Is it possible to determine the Delaunay cell containing a given point efficiently?

Yes, it is possible to find the nearest point set associated with the Delaunay cell containing a given point $c\in R^d$. As we discussed in Section 3.3, the Delaunay complex can be represented by the convex hull of appropriately lifted points in $R^{d+1}$, and the non-vertical facets coincide with the Delaunay cells once they are projected to the original space. Thus the problem of determining the Delaunay cell containing a given point $c$ can be reduced to finding the first facet of a polyhedron ``shoot'' by a ray.

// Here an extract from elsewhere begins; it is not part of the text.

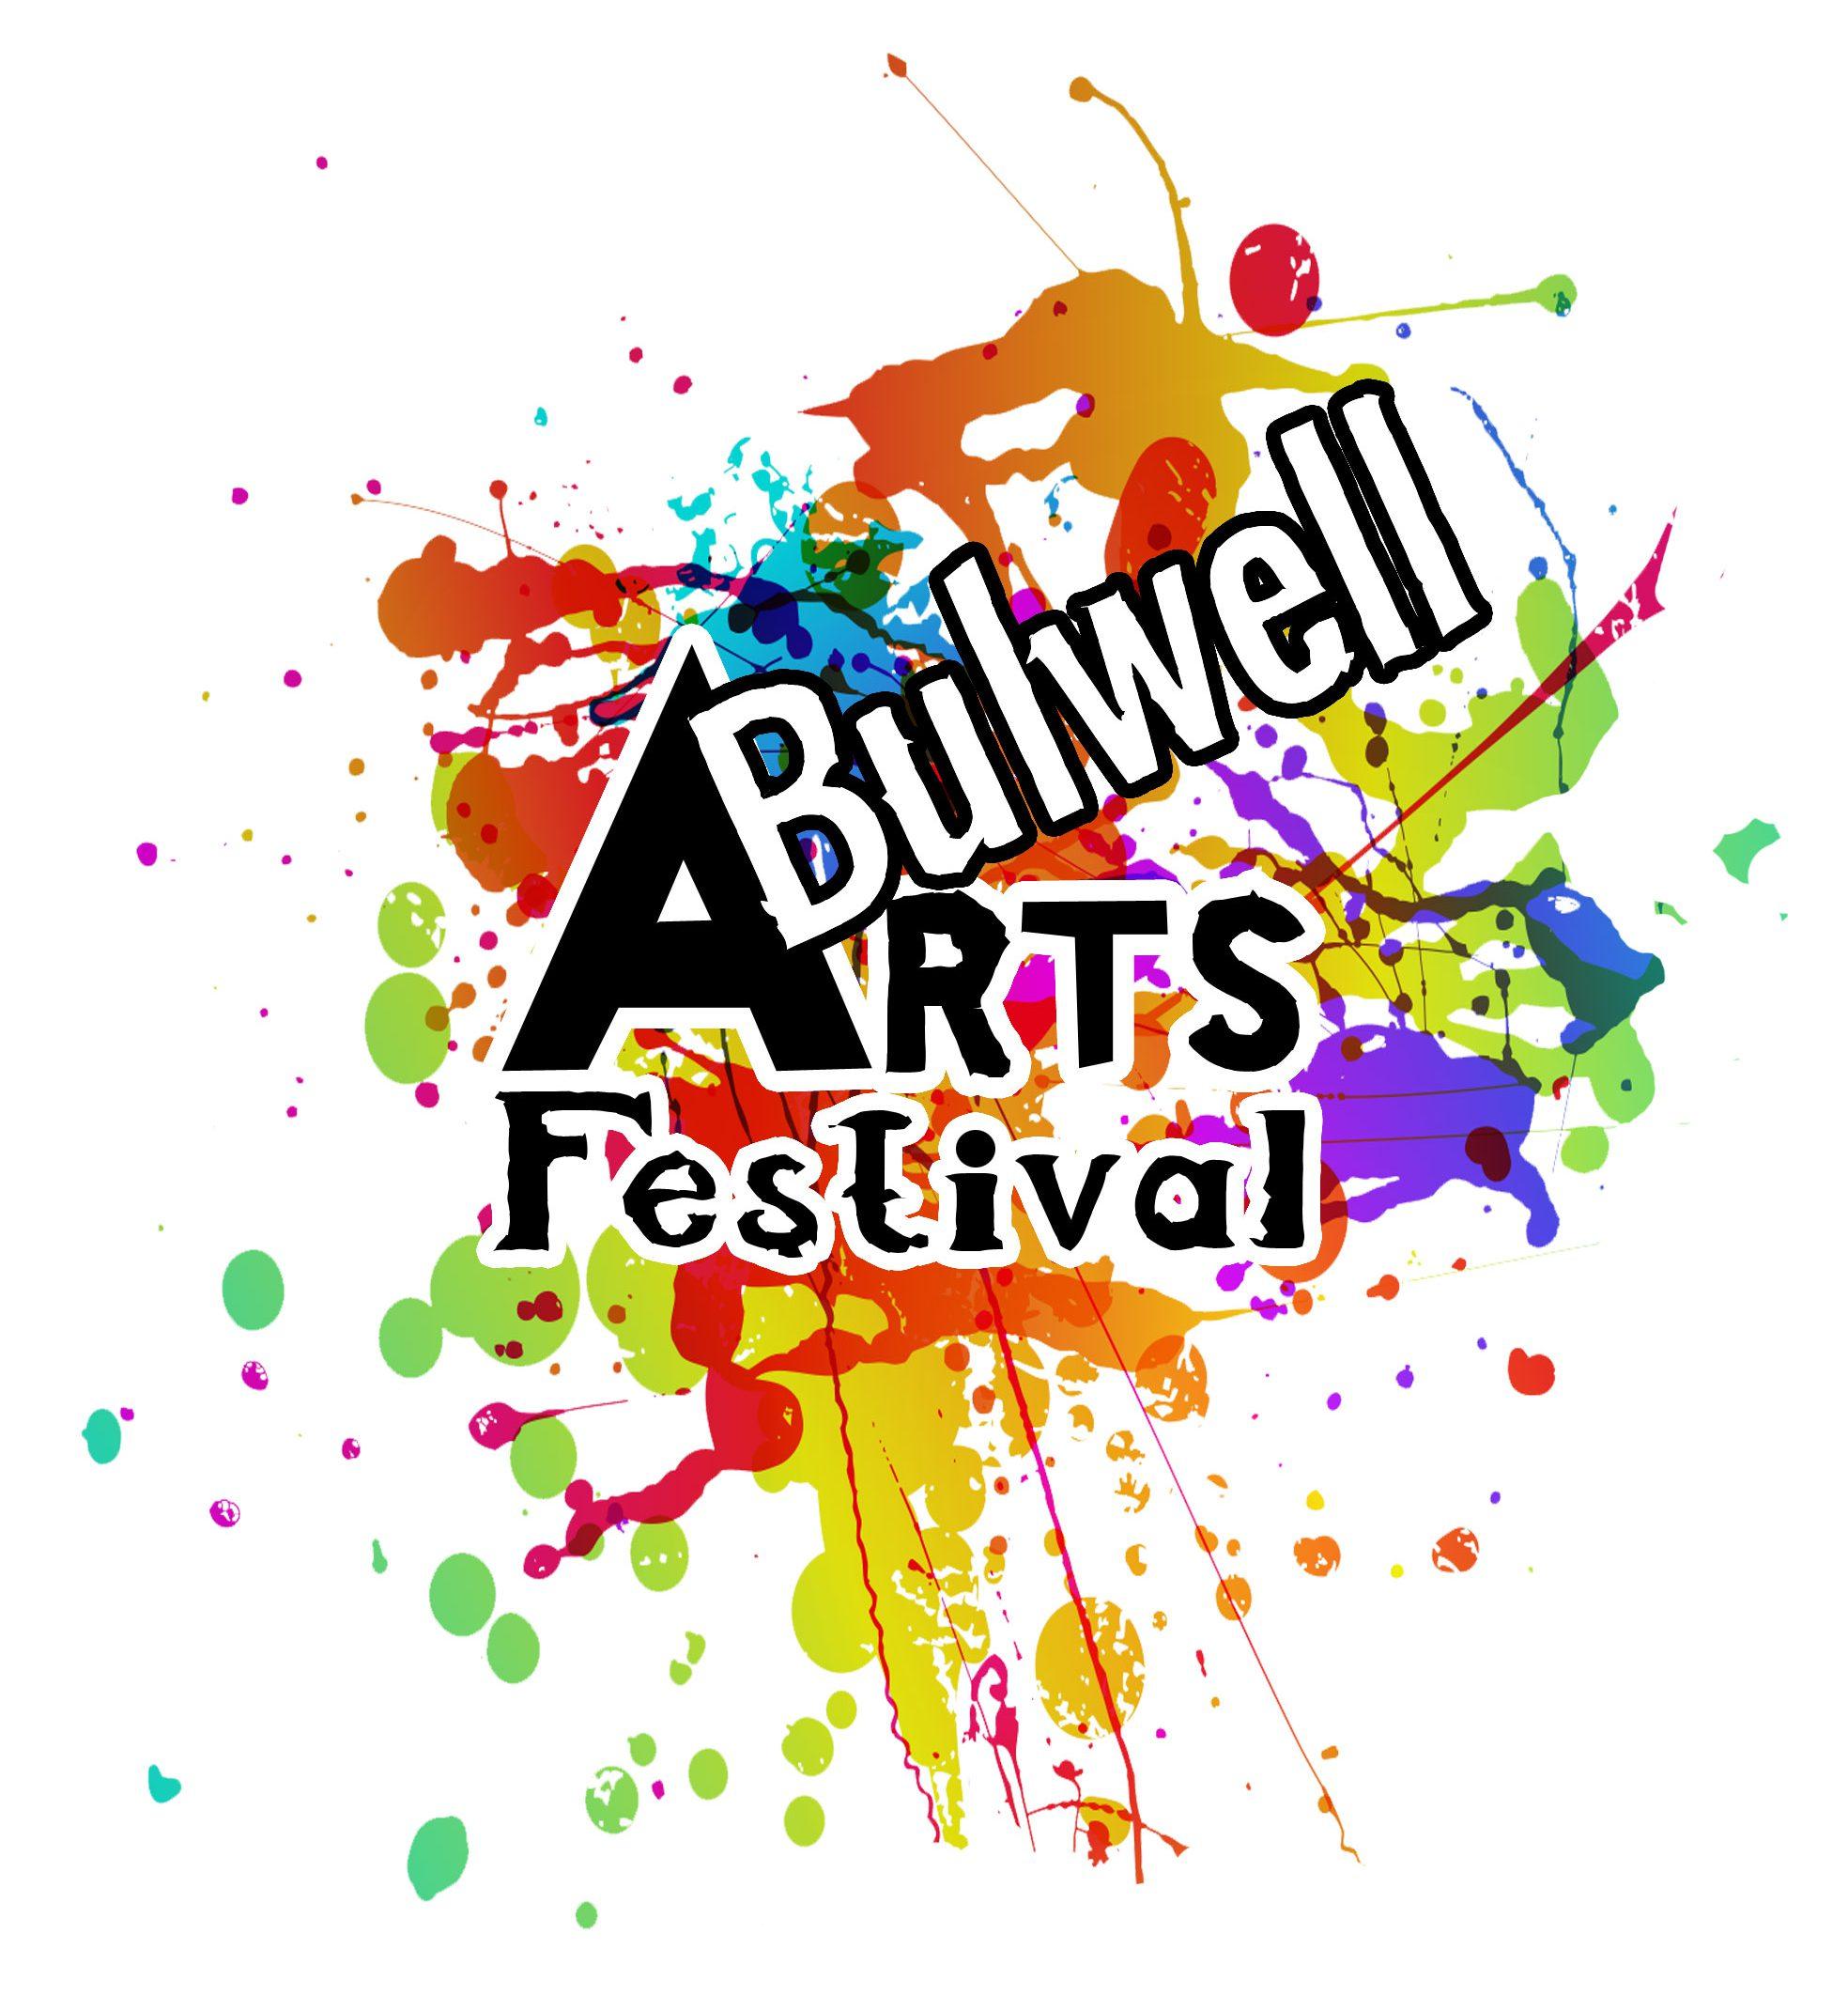 Bulwell Arts Festival 2018

To be more precise, let $f(x) = x_1^2 + \cdots + x_d^2$, and let $\tilde{p}= (p, f(x)) \in R^{d+1}$ for $p \in S$. Then the lower hull $P$ of the lifted points $\tilde{S}:=\{\tilde{p}: p\in S\}$:

$$P = conv(\tilde{S}) + nonneg(e^{d+1})$$

represents the Delaunay complex. Here $e^{d+1}$ is the unit vetor in $R^{d+1}$ whose last component is $1$. For any vector $\tilde{y} \in R^{d+1}$ and $y_0 \in R$, let $\tilde{y}^T x \ge -y_0$ denote a general inequality of a variable vector $x \in R^{d+1}$. For such an inequality to represent a valid inequality of $P$ (see Section 2.2), it must be satisfied by all points in $\tilde{S}$:

$$\tilde{y}^T \tilde{p} \ge -y_0, \forall \tilde{p} \in \tilde{S},$$ (9)

and by any points shifted vertically upwards, i.e.

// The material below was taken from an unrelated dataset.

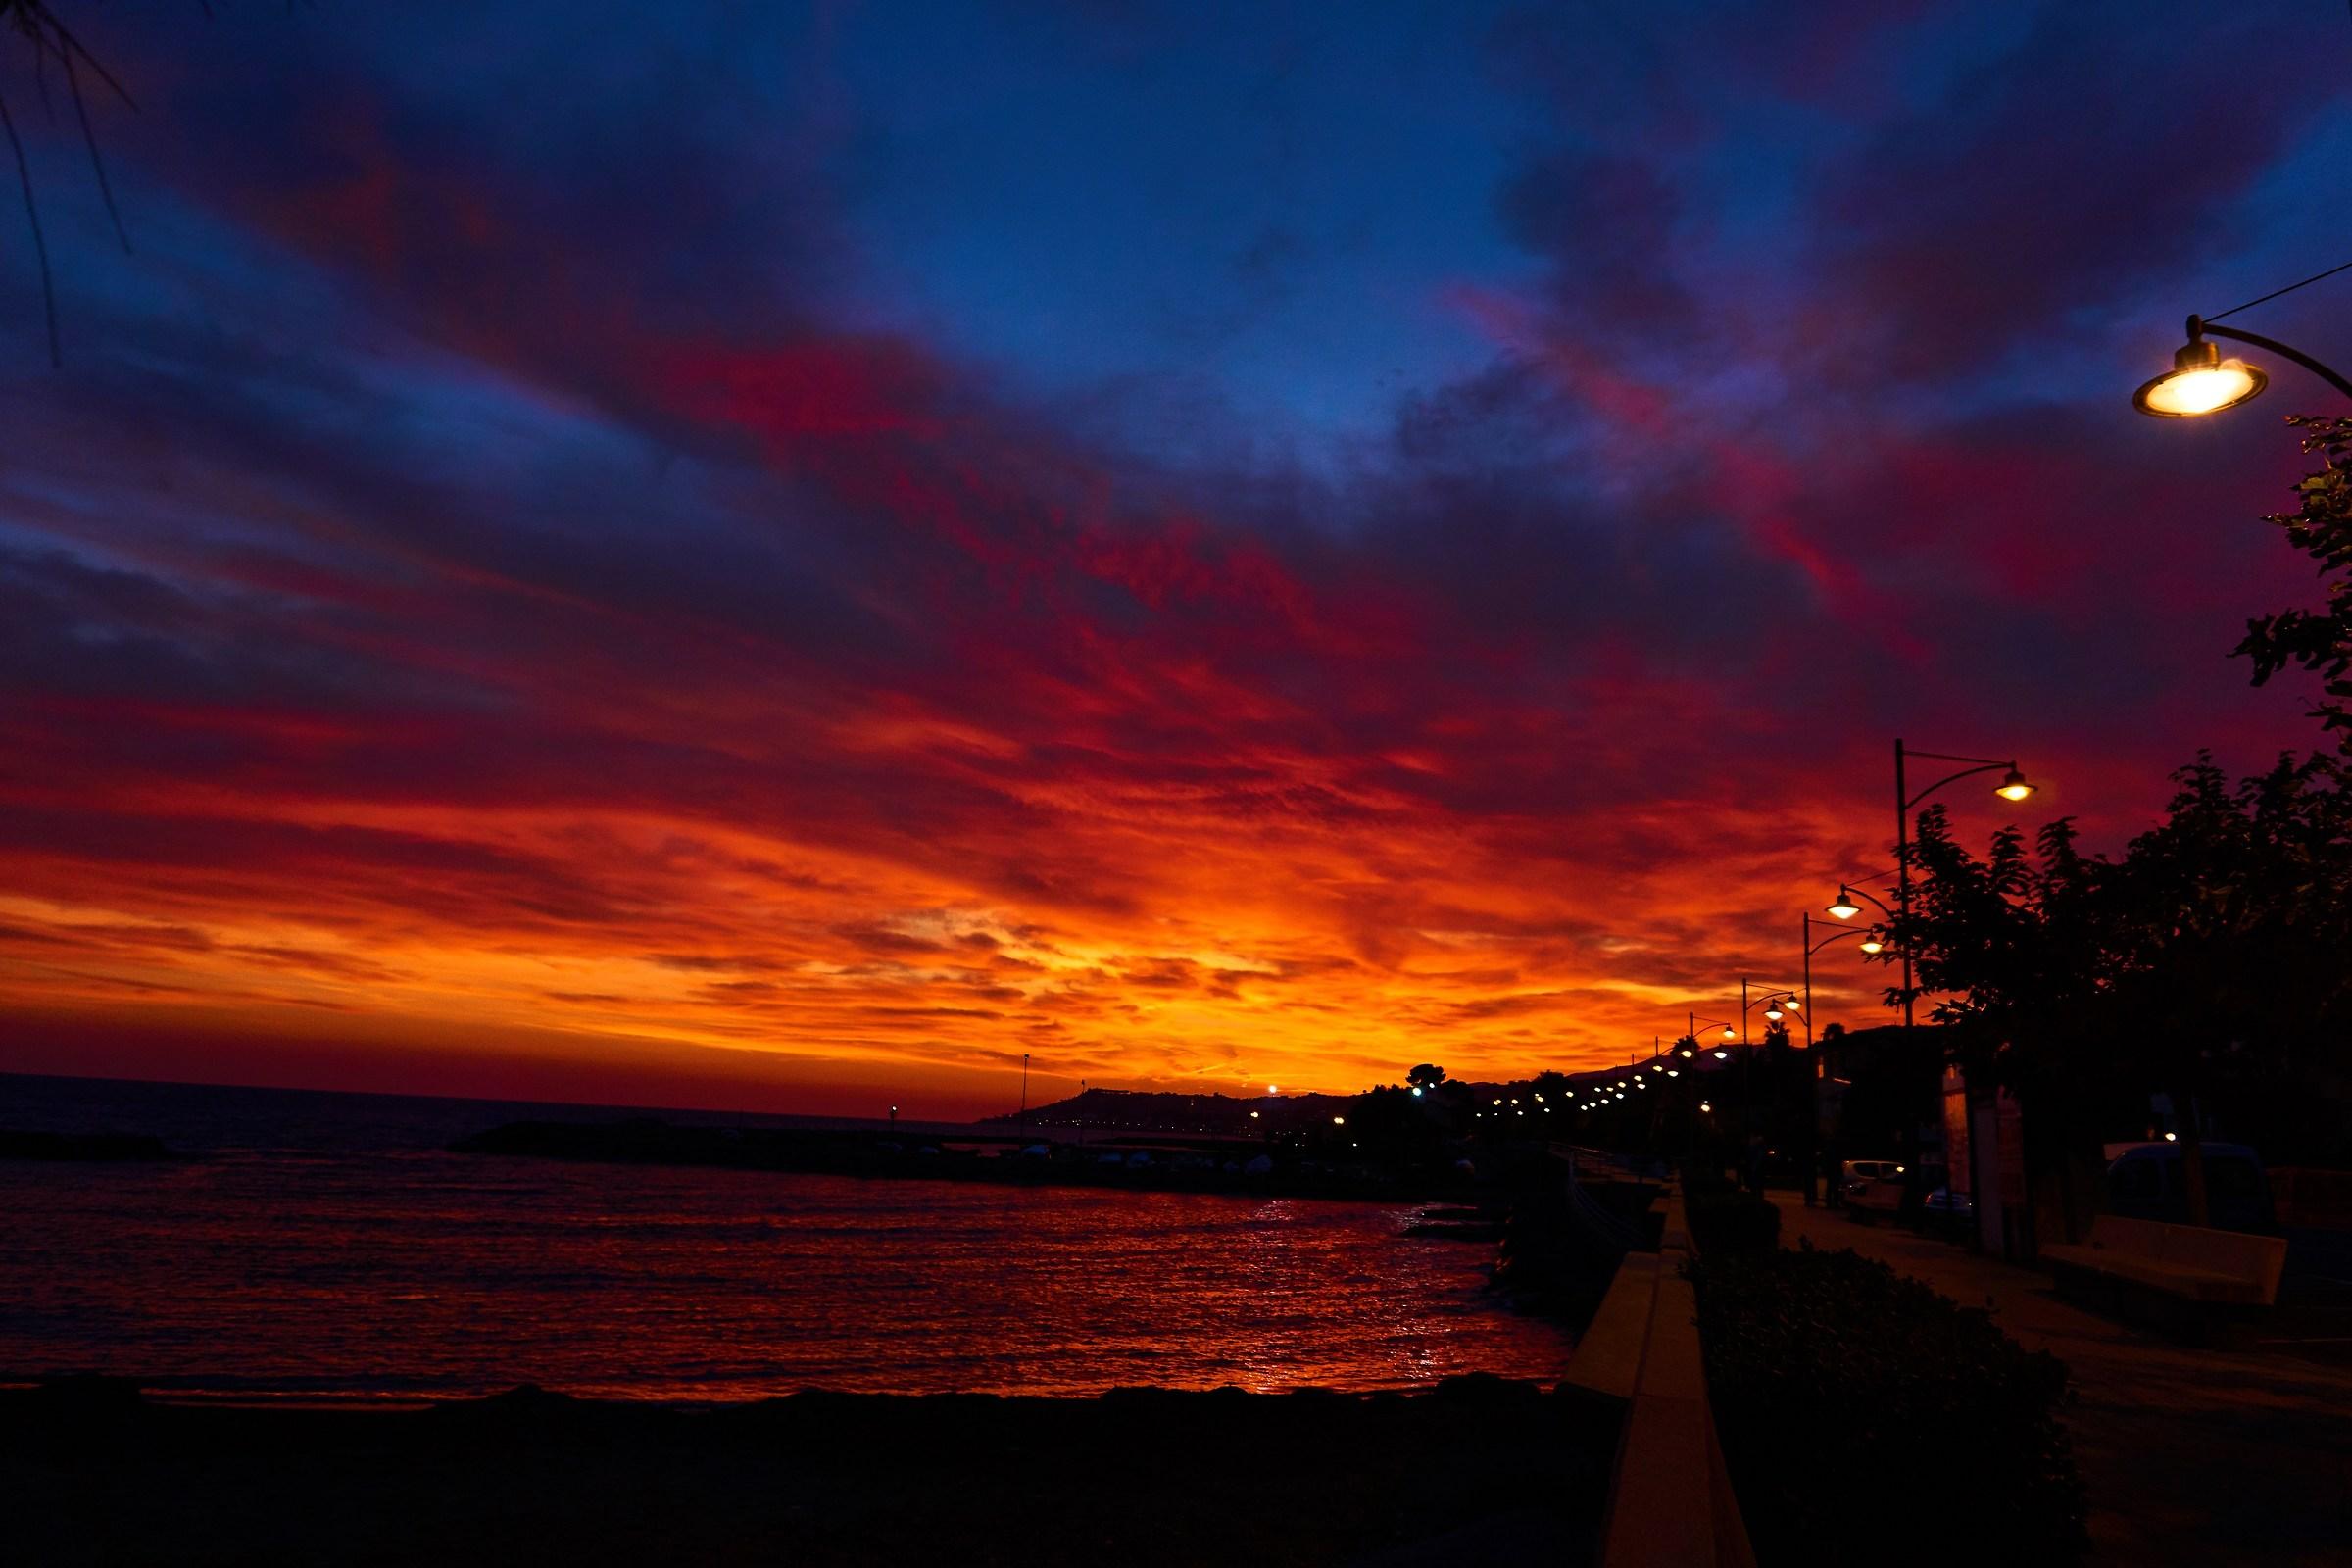 sunset at stefano saint...

$$\tilde{y}^T ( \tilde{p} + \alpha e^{d+1}) \ge -y_0, \forall \tilde{p} \in \tilde{S}$$    and any $$\alpha \ge 0.$$

Under the first inequality (9), the last inequality is equivalent to

$$\tilde{y}_{d+1} \ge 0.$$ (10)

Now every Delaunay cell is a projection of a non-vertical facet of $P$. We are thus looking for an inequality $\tilde{y}^T x \ge -y_0$ satisfying (9), (10) and $y_{d+1}\neq 0$. By scaling with $\tilde{y}_{d+1}>0$, we may assume $\tilde{y}_{d+1} = 1$. For a given point $c$, let $\tilde{c} = (c, 0)^T$, and let $L(\lambda)= \tilde{c} + \lambda \; e^{d+1}$, $\lambda \ge 0$. Determining the Delaunay cell containing $c$ is equivalent to finding the last inequality ``hit'' by the halfline $L$. More precisely, it is to find a non-vertical facet inequality such that the intersecion point of the corresponding hyperplane $\{ x : y^T x = -y_0\}$ and the half line $L(\lambda), \lambda \ge 0$ is highest possible.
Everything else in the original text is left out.